In this year’s budget, Newsom is trying to find his way around a 43-year-old piece of voter-approved trash known as the Gann spending limit, an outdated formula standing in the way of necessary spending. Tackling the emergency of homelessness involves the literal cleanup of encampments and a thorough scrubbing of the state’s junkyard of old and overlapping homeless programs.

And that’s not to mention the state’s own trash and recycling policies, which constitute a veritable landfill of highly contested fights over composting requirements and a ballot initiative to reduce single-use plastics coming up in November.

In this context, removing trash carries a symbolic power, as Newsom himself has noted during his public cleanup appearances. “It’s about restoring a sense of pride and sense of spirit, a sense of place, a sense…of community,” he said at one cleanup. “Because once people feel connected to something, once they feel ownership to something, they’re more apt to protect it, to preserve it, to cultivate, support and invest in it, and we just need more of that.”

Among Californians who feel more connected by cleaning up is the governor himself.

I recently asked Newsom, who is Catholic, whether there was a spiritual dimension to his garbage devotion.
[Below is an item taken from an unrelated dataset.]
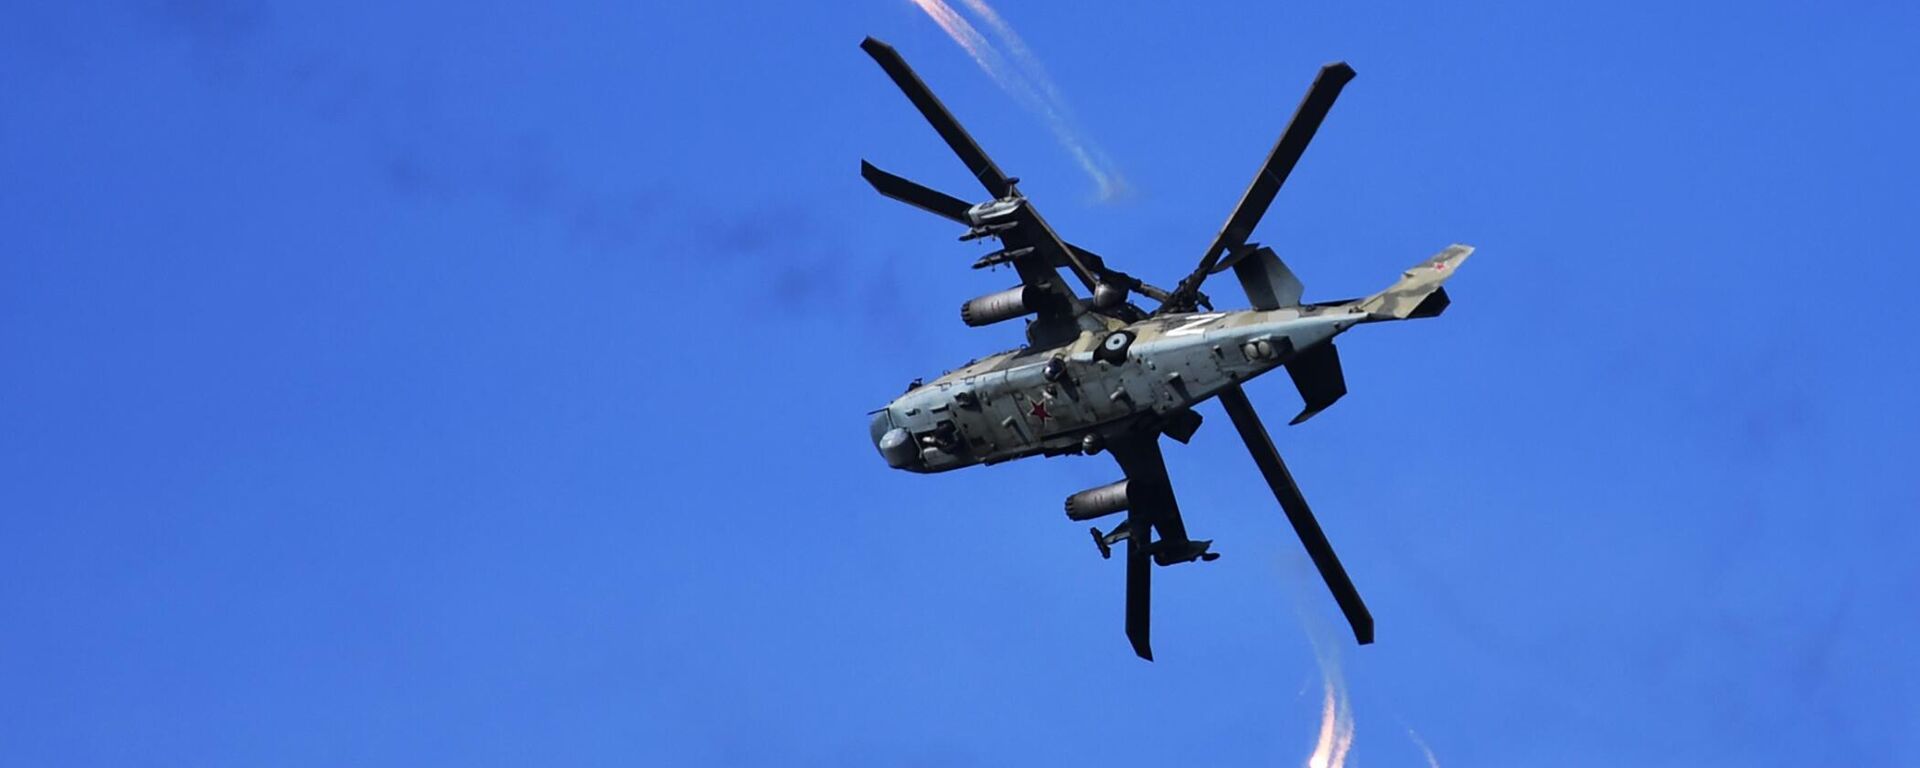 طائرة هليكوبتر من طراز كا-52 تطلق مصائد حرارية بعد إطلاقها النار على مواقع القوات المسلحة الأوكرانية في منطقة العملية العسكرية الخاصة في منطقة دونيتسك. - سبوتنيك عربي, 1920, 26.02.2023

In watching his constant cleanups, I was reminded of Jesus’s criticism of the Pharisees, high religious officials who demand cleanliness and obedience from others, while remaining so distant from real people that they are blind to lived realities. “Thou blind Pharisee, cleanse first that which is within the cup and the platter, that the outside of them may be clean also,” Jesus advises in Matthew 23:26.

Replying by text, Newsom referred to his previous job as San Francisco mayor. Part of his devotion to cleaning up trash, the governor said, “has to do with living in a ‘moment’ where so much seems outside our control… the ‘cause/effect’ of getting out and cleaning up is deeply satisfying—particularly having served as Mayor where I could see results/failure in real time—unfiltered. So much of state government is disconnected from that feedback loop (or is filtered).”

He added: “The physical not just the mental is what I miss most—faith and works!”

Even in California, cleanliness is next to godliness.